• Data below:
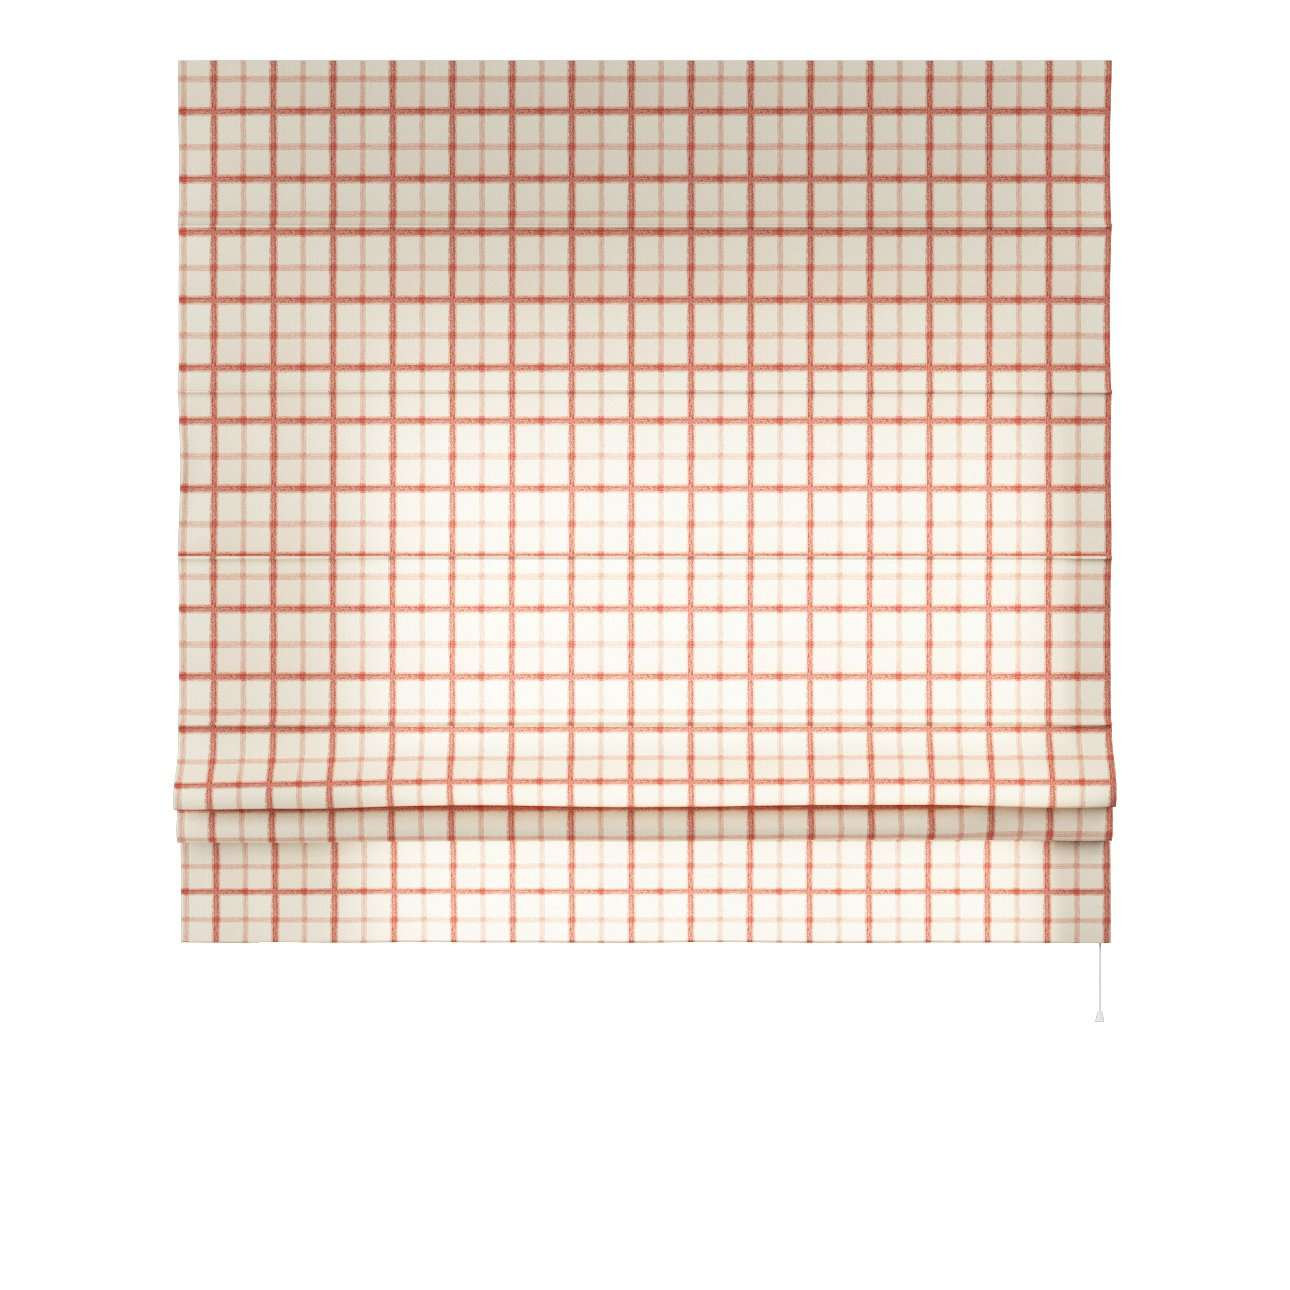 Roleta rzymska Padva w kolekcji Avinon, tkanina: 131-15
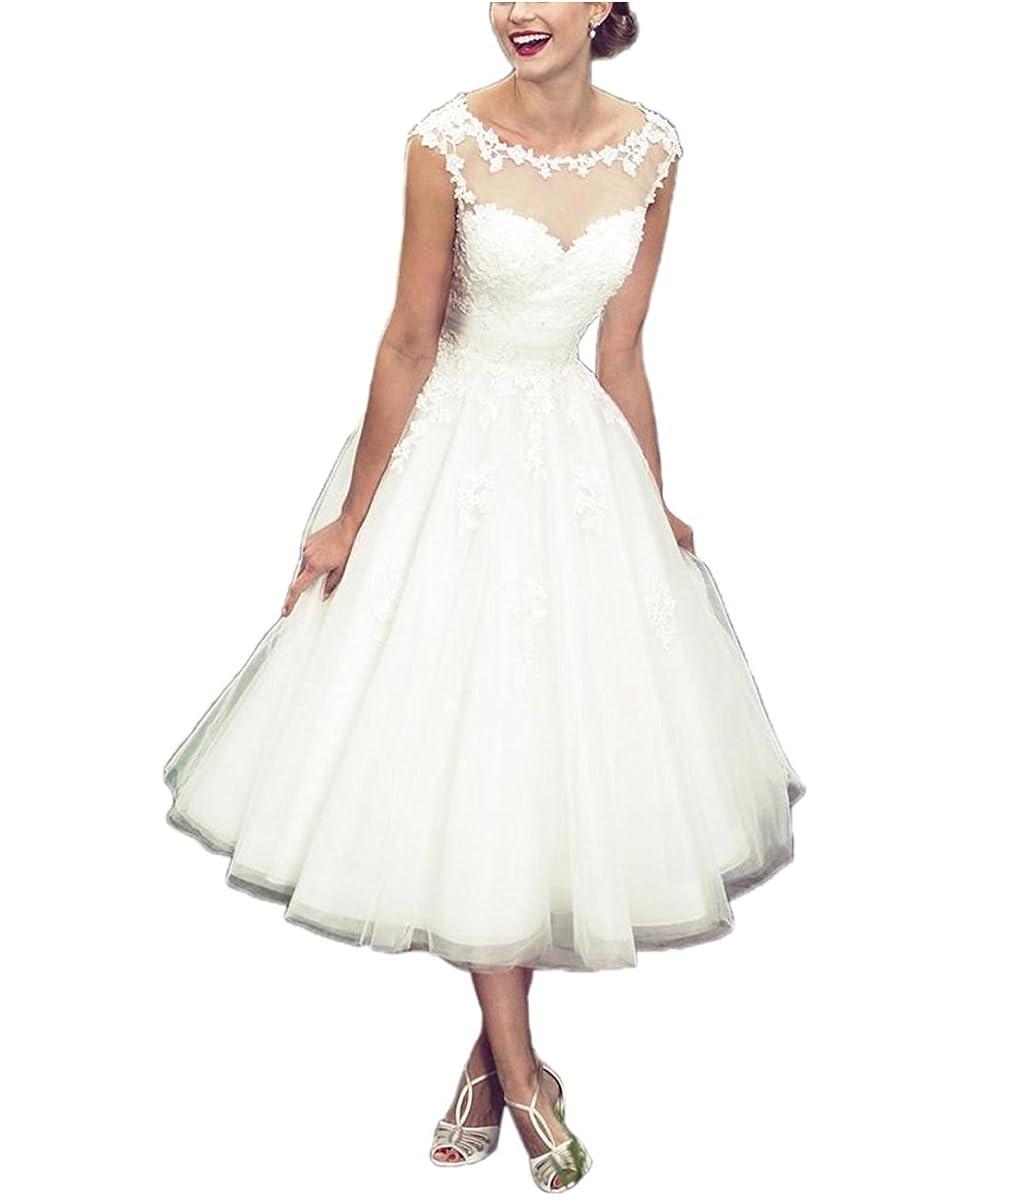 APXPF Women's Elegant Sheer Vintage Tea Length Lace Wedding Dress for Bride
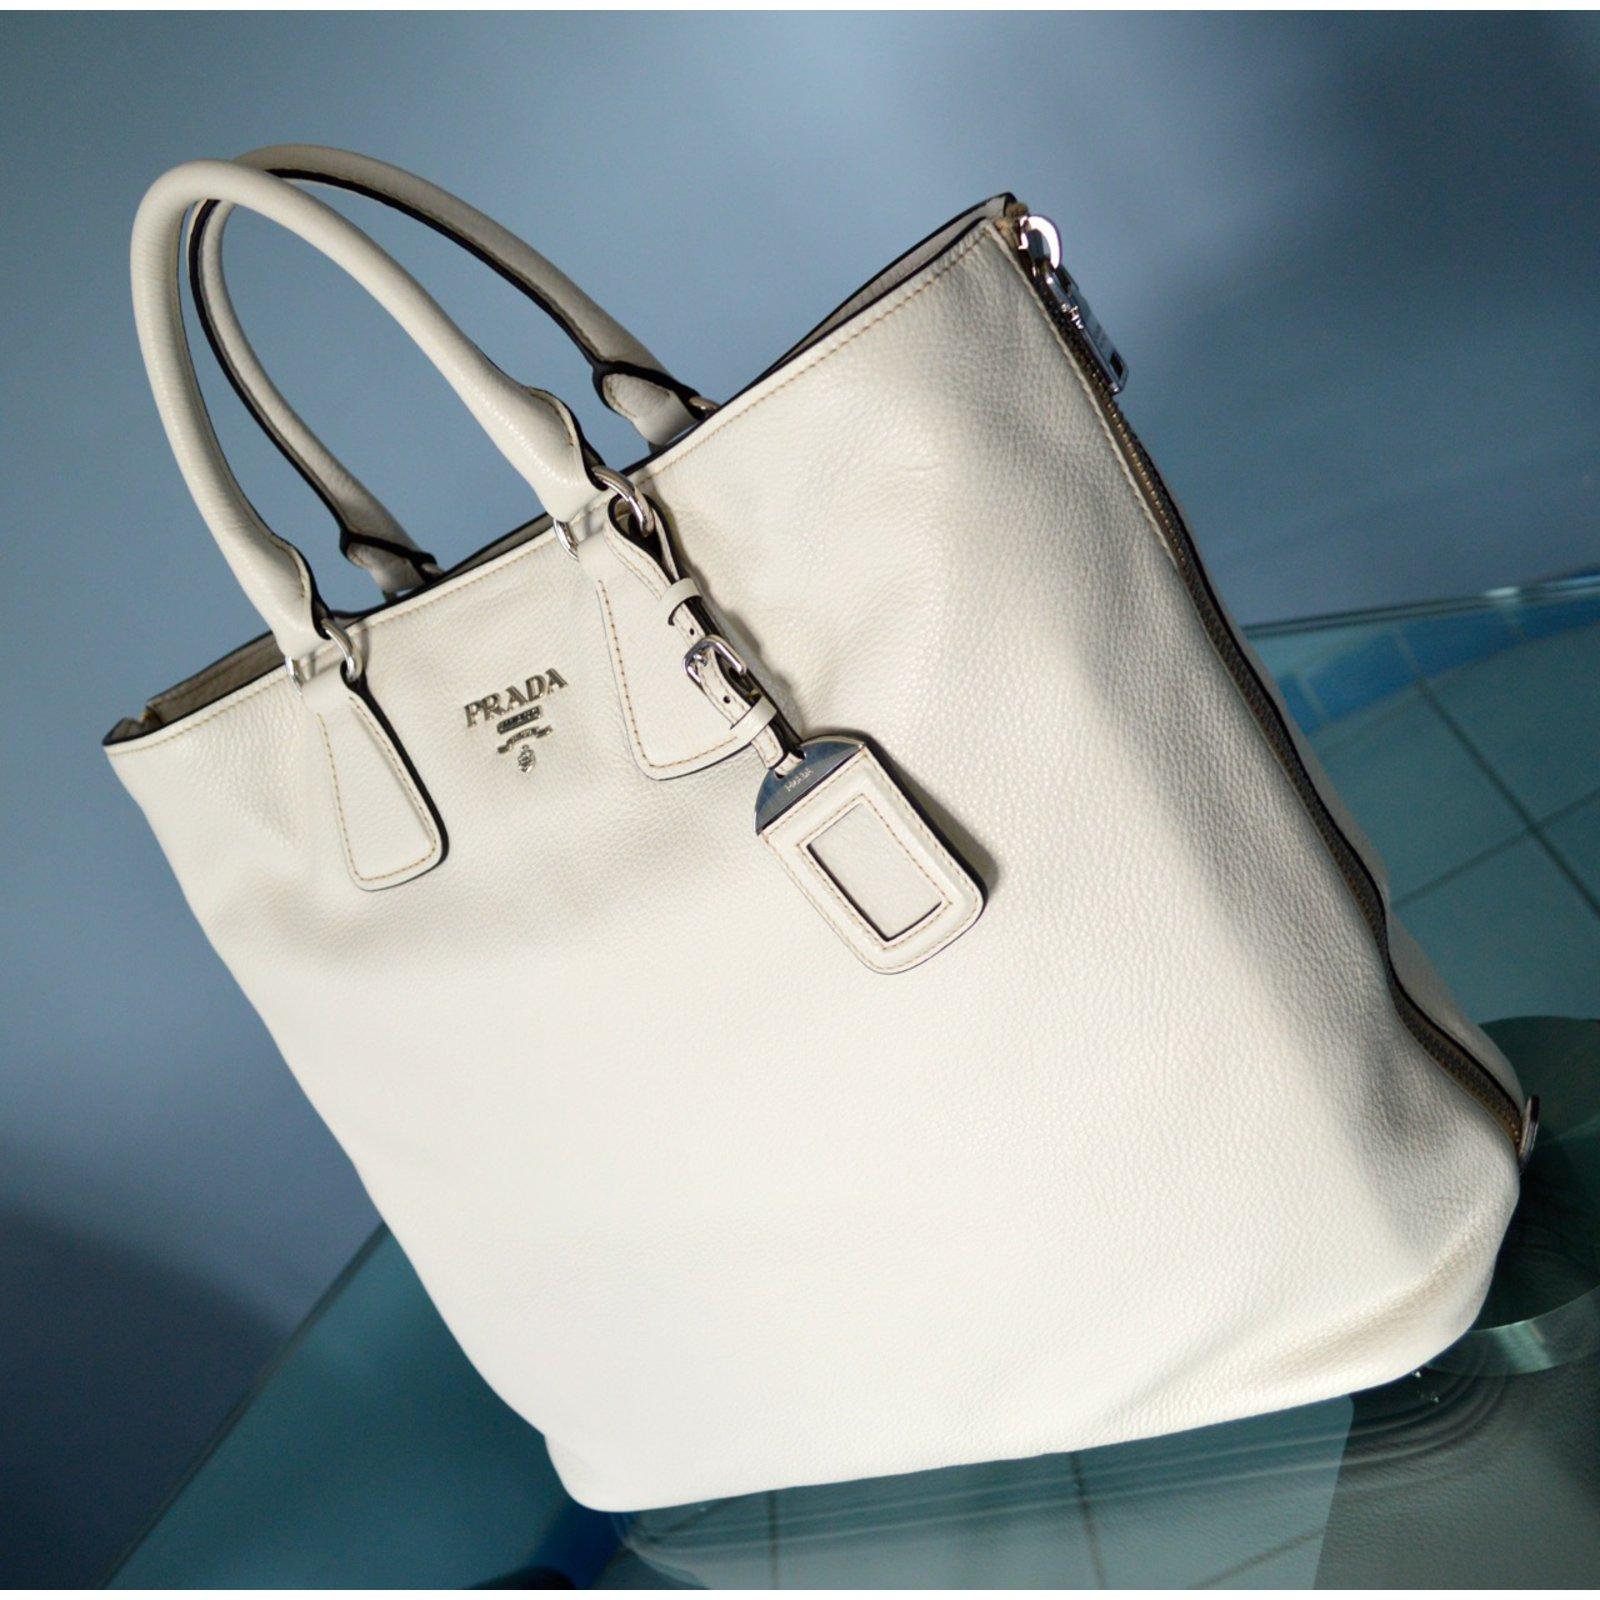 5c10542ef062 Prada Prada vitello phenix talco textured leather shopping tote bag bn2419  original Handbags Leather White ref.22022 - Joli Closet

• Description of the task: Each line of the material goes into your copy unchanged, but no picture does.

• Reply to the exercise:
 Roleta rzymska Padva w kolekcji Avinon, tkanina: 131-15
 APXPF Women's Elegant Sheer Vintage Tea Length Lace Wedding Dress for Bride
 5c10542ef062 Prada Prada vitello phenix talco textured leather shopping tote bag bn2419  original Handbags Leather White ref.22022 - Joli Closet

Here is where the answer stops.